Two-Factor Authentication (2FA) makes it far more difficult for hackers to breach your website, because as the name implies, Two-Factor Authentication requires two methods of verification in order for you to login.
One of the most common methods hackers use to gain access to your WordPress Admin, is a method called “brute force” – they use an automated scripts or bots that tries to guess your WordPress Admin username and password so that they can log in to your WordPress website.
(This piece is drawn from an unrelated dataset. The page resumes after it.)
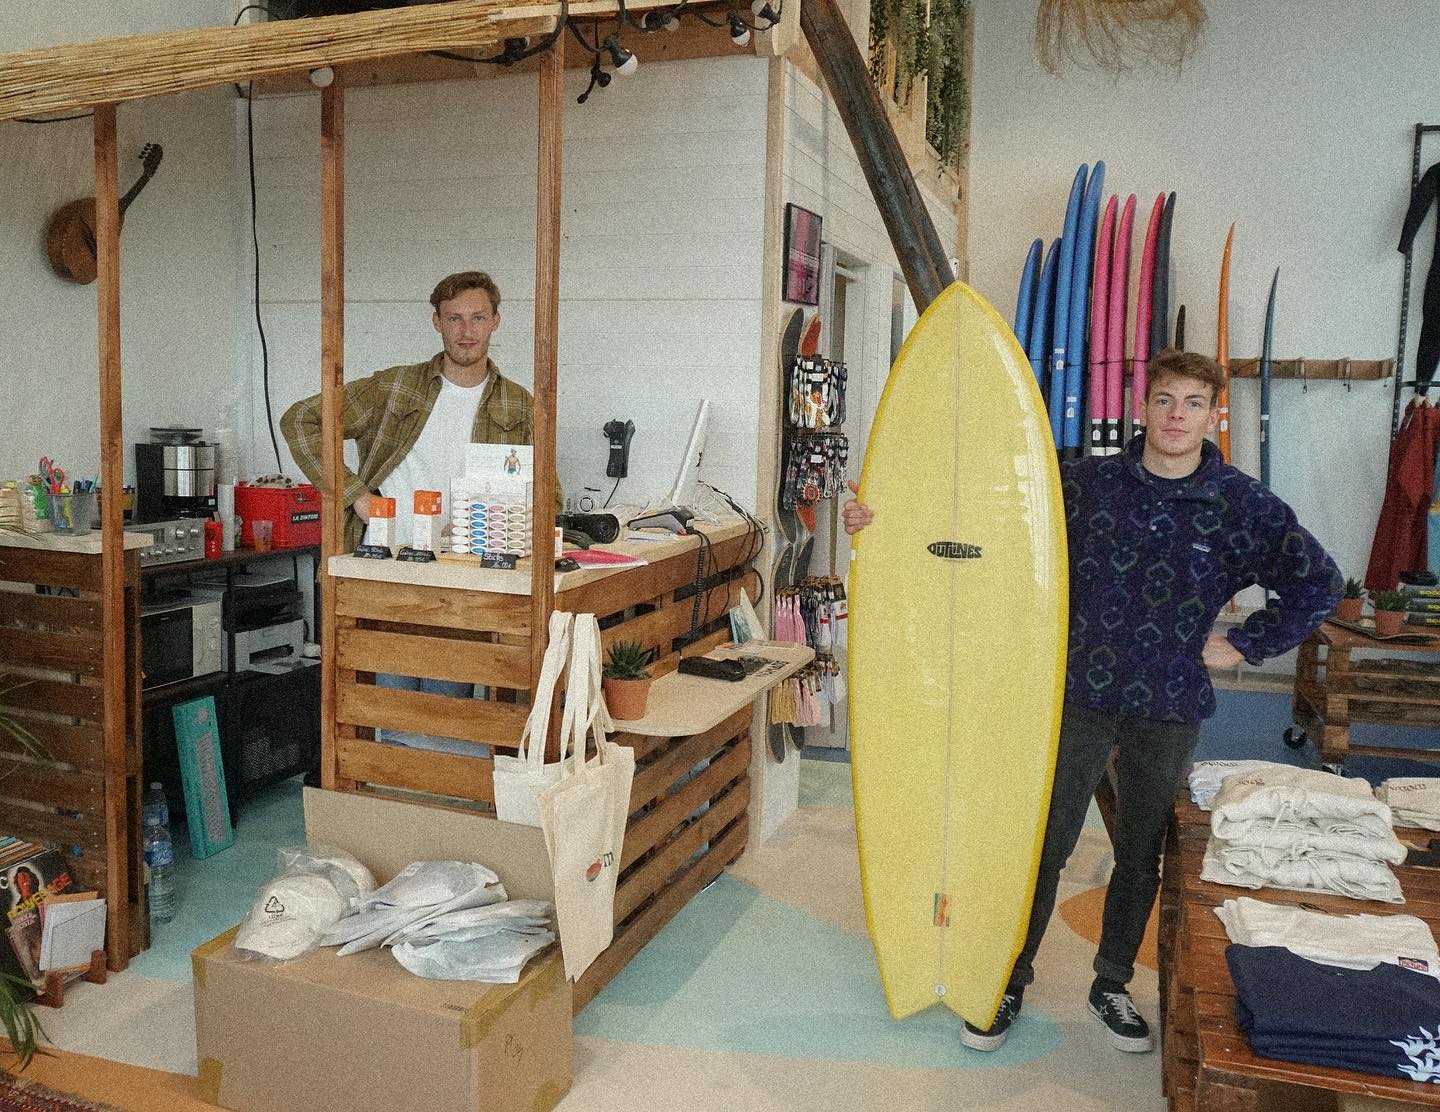 moma surf shop - racktaboard

To prevent them from logging in even if they guess your username and password, you can add an additional layer of security called 2FA or Two-Factor Authentication. After you enter your username and password to login to WordPress, the website will send you a code – either via text or via a 2FA mobile app like Google Authenticator, which you can download and use for free. This means you have to have your mobile phone (physical device) on hand to receive the code and enter it when requested (similar to the way banks and many other platforms do it). So it’s another layer of security to prevent hackers from logging in and hacking your site.
Authenticator apps
Use a WordPress security plugin like Wordfence or Solid Security to enable 2FA in your WordPress dashboard. Once the security plugin is installed and activated, you can enable 2FA within the plugin settings. Then you can enable 2FA for your login process by using an authenticator app.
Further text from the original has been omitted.